We must renew religious politics of King and Heschel

Friday, Jan. 16 (18 Tevet) will be Rabbi Abraham Joshua Heschel's 25th yahrzeit. On Monday, Jan. 19, Americans will celebrate the Rev. Martin Luther King's birthday. The confluence brings together again two of the wisest American religious leaders of the past generation. Both fused a sense of the joyful, awesome presence of God in their lives with a sense of God's call for healing American society.

On many occasions, King and Heschel stood together and marched together against American racism and against the American war in Vietnam. For months, the Shalom Center has been reminding the Jewish community of this confluence and preparing materials on Heschel to use in observing his 25th yahrzeit. The response has been extraordinary — from more than 250 rabbis, teachers and scholars, not only in North America but in Jerusalem, Berlin, London, Buenos Aires, Sao Paulo.

Why such a warm response? Because to our cynical age, Rabbenu Heschel is a reminder: It is possible to carry on politics as if it were prayer — and it is necessary to carry out prayer as if it were politics. Not only did Heschel take part in the great voting-rights march in Selma, Ala., but he came back saying that he felt as if his legs were praying. This statement came from deep in his Chassidic rearing , for he knew that all our bones can pray, must pray — not just our jawbones.

What made him different from his Chassidic forebears was his honoring of non-Jewish prayer, the prayers of a black Baptist, alongside his own — and his sensing holiness in a certain kind of politics.

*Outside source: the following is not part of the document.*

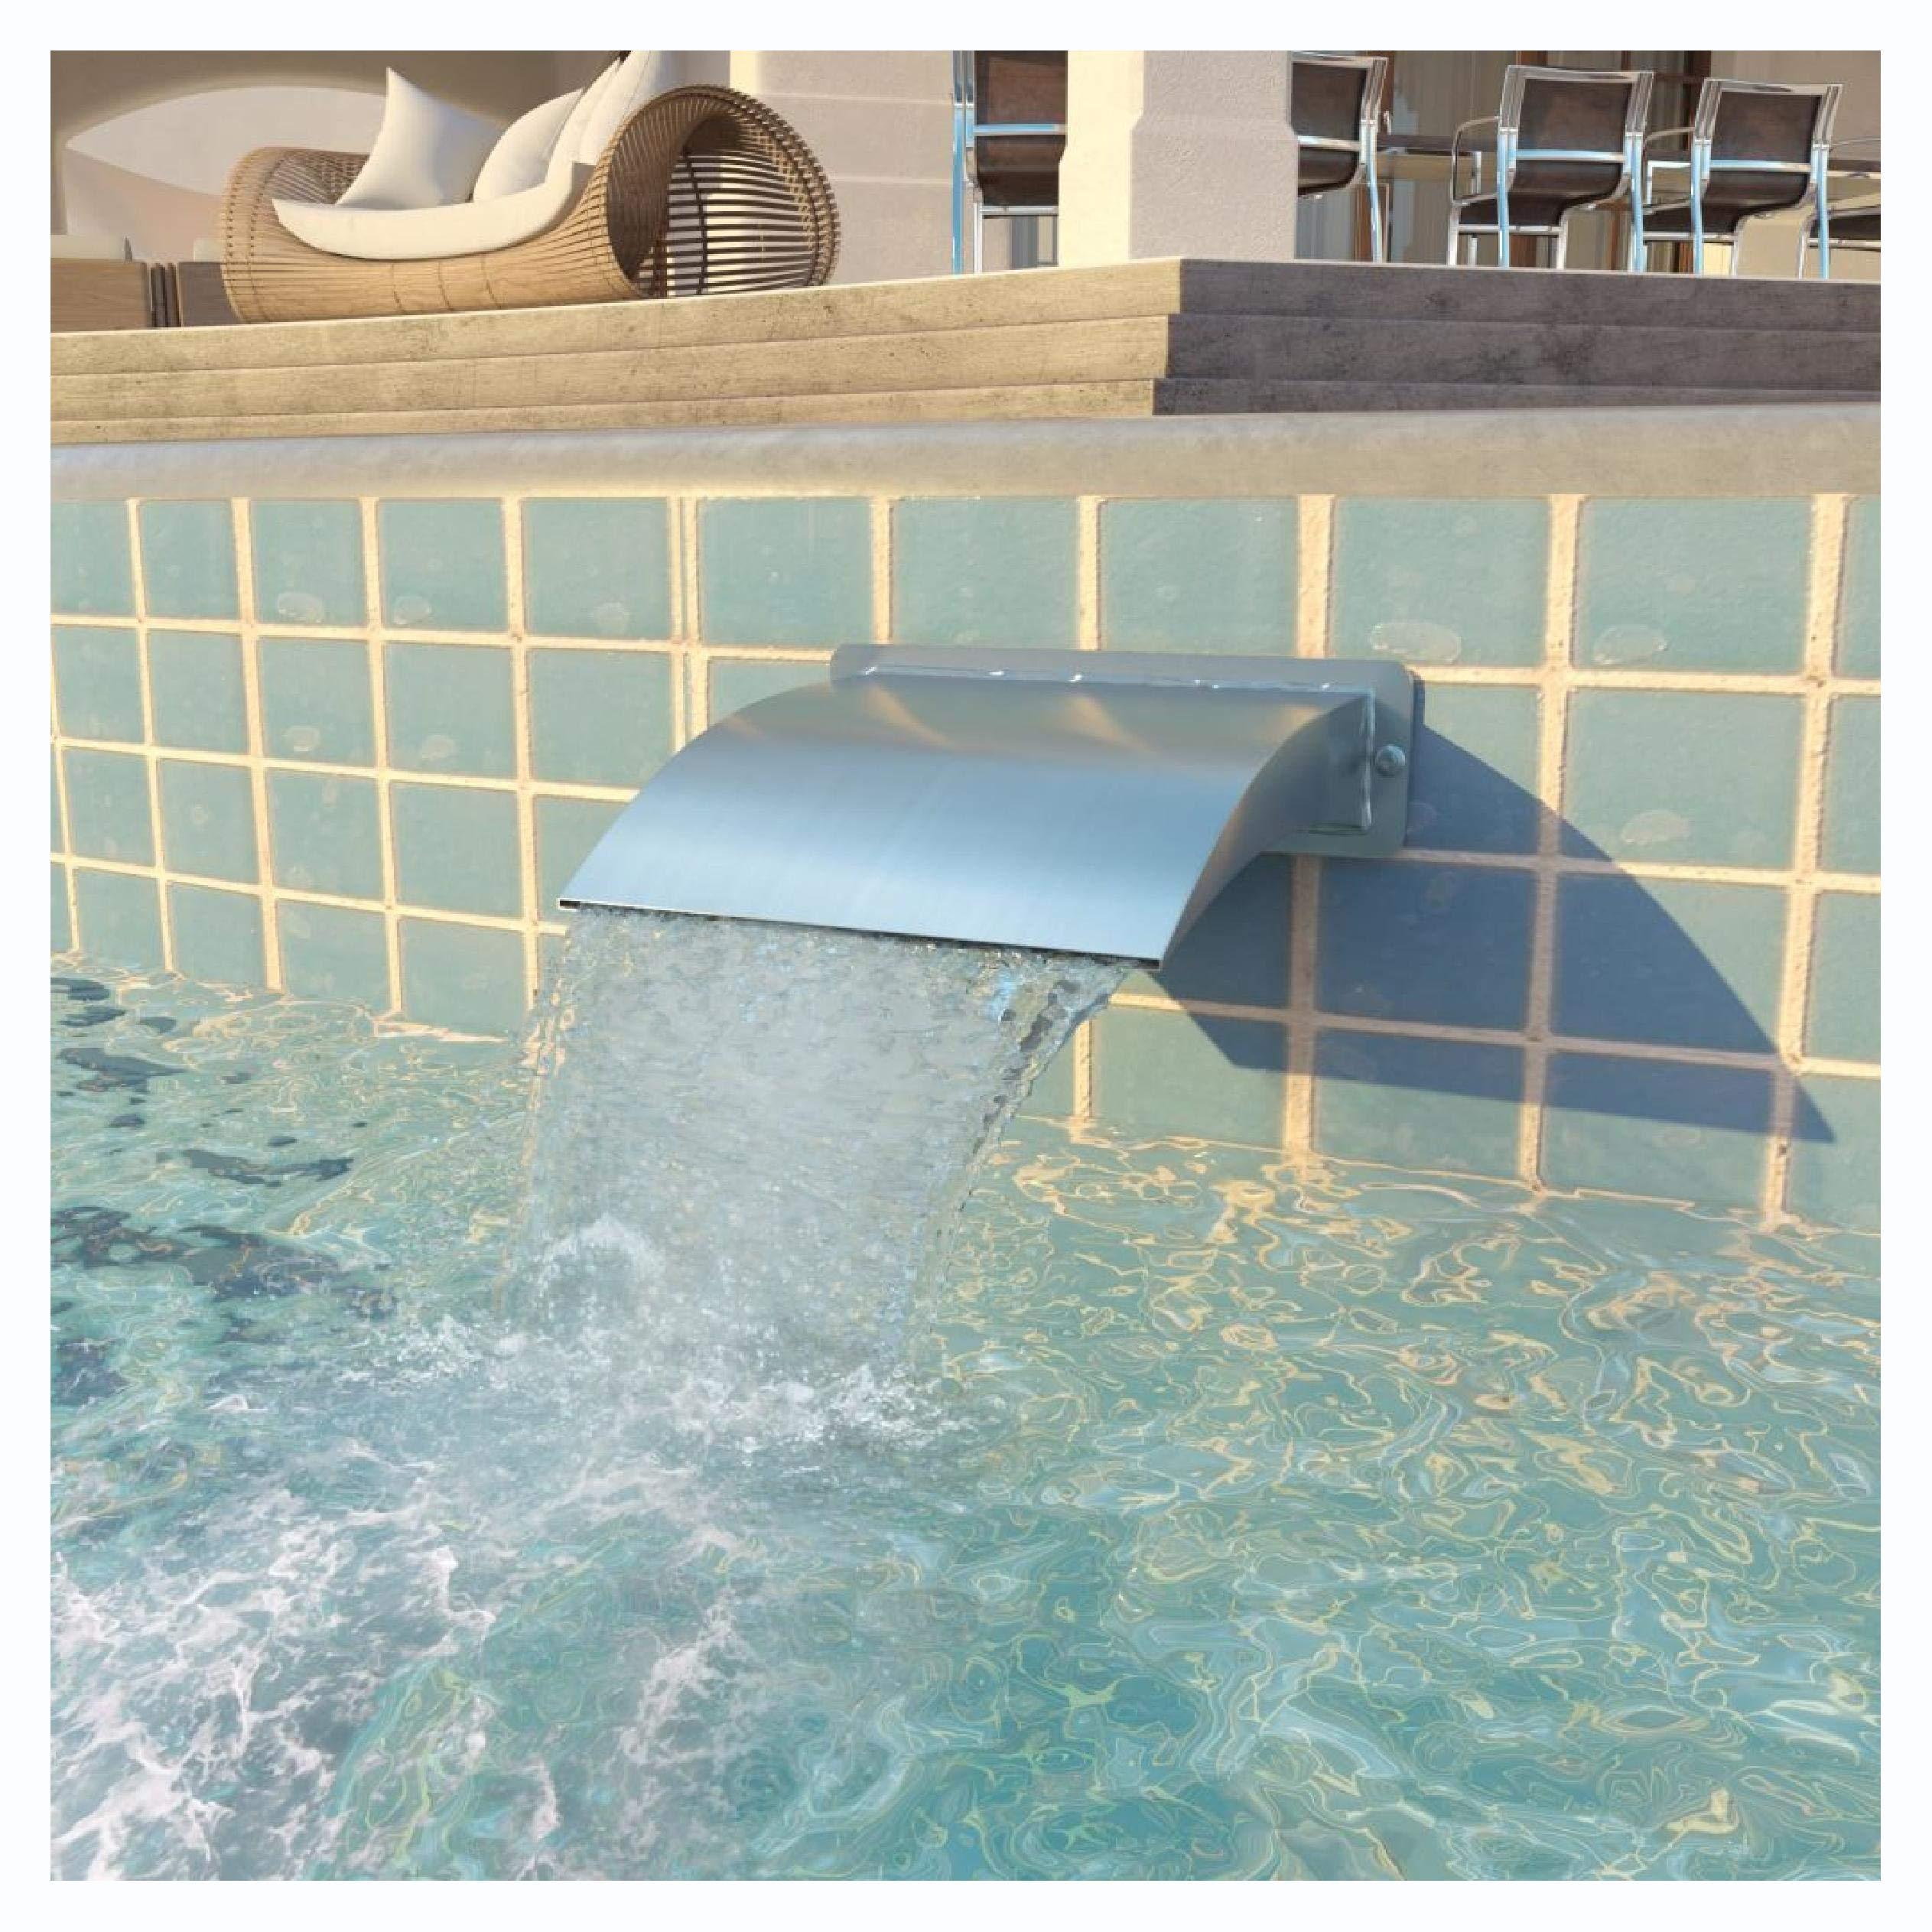 HEATAPPLY Fountain & Waterfall, Pool Fountain Stainless Steel 11.8''x3.5''x10.2'' Silver

For, he said, "The beginning of prayer is praise. The power of worship is song. To worship is to join the cosmos in praising God…Prayer is meaningless unless it is subversive, unless it seeks to overthrow and to ruin the pyramids of callousness, hatred, opportunism, falsehoods. The liturgical movement must become a revolutionary movement, seeking to overthrow the forces that continue to destroy the promise, the hope, the vision." To the Chassid he joined the prophet, and made them one.

During these 25 years since Rabbenu Heschel died, his Chassidic neshamah (soul) must have been dancing to see an extraordinary renaissance in the encounter of American Jews with God and Torah: new midrash and whole new ways of creating midrash; new music, dance and drama; new categories of body-thought; feminist theology and eco-Judaism; dialogical davening and ecstatic chanting; the reawakening of a new Chassidic energy and the legitimation of Jewish studies in secular academia.

But his prophetic arms and legs have had much less to celebrate, for there has not yet been an analogous renaissance in the creation of a prayerful Jewish politics. The Heschel who acclaimed Shabbat as the "day on which we stop worshipping the idols of technical civilization," the Heschel who cried out that our "victories in the war with nature…have come to resemble defeats" — that Heschel calls us to prophetic prayer.

How do we turn our reading of the Sabbatical and Jubilee years into a great movement to insist that everyone and the Earth itself must have the time, the income, the freedom, the obligation, to rest and reflect, to love and make family, to dance in community? How do we turn our reading of the Book of Ruth into a great movement to insist that everyone, even and especially the despised and outcast of our society, is entitled not to a dole but to a worthy job at worthy rates of pay? How do we — like King and Heschel — again turn our Torah of the nonviolent midwives who resisted Pharaoh into still newer, still more effective forms of nonviolence? How do we turn such visions into daily practice?

*Our hands might pray by building new houses for the poor, by joining in projects of Habitat for Humanity. Habitat has recently reached out to the Jewish community from its own strongly Christian roots, setting up a Shalom Fund and inviting affirmatively Jewish participation.

*The Shefa Fund has organized the Tzedek Economic Development Campaign, through which Jewish institutions can pool money for loans to grassroots minority enterprises. Synagogues, federations and many other Jewish groups could lend both some of their endowment and savings reserves, and the trained business experts to advise such firms.

*In many cities, efforts have begun to enact "living wage" laws that would require businesses that receive contracts from city and state governments to pay wages that bring their recipients above the poverty line — typically, at this point, about $7.50 an hour. In Heschel's "sabbatical" spirit, we might urge that such laws also require time for quiet "non-work" each day at the workplace and paid leave each week for workers to volunteer for nonprofit community service.

*Jewish groups could help defend hard-won protections for health, safety and the right to join unions in the new workfare programs and in the garment industry, scene of so much Jewish sweat and blood.

*Where parts of earth like the Redwood National Forest, Chesapeake Bay, the Hudson River, the airy ocean of our global atmosphere — are being subjected to corporate rape, Jewish groups could appear. They could wave the palms and willow branches of Sukkot, planting trees in inconvenient spots like corporate driveways, using our arms and hands as Rabbenu Heschel used his legs at Selma: to pray.

Not till we have poured Chassid and prophet together into one mighty stream can we say that our generation has actually learned from the life and the teaching of Rabbenu Heschel.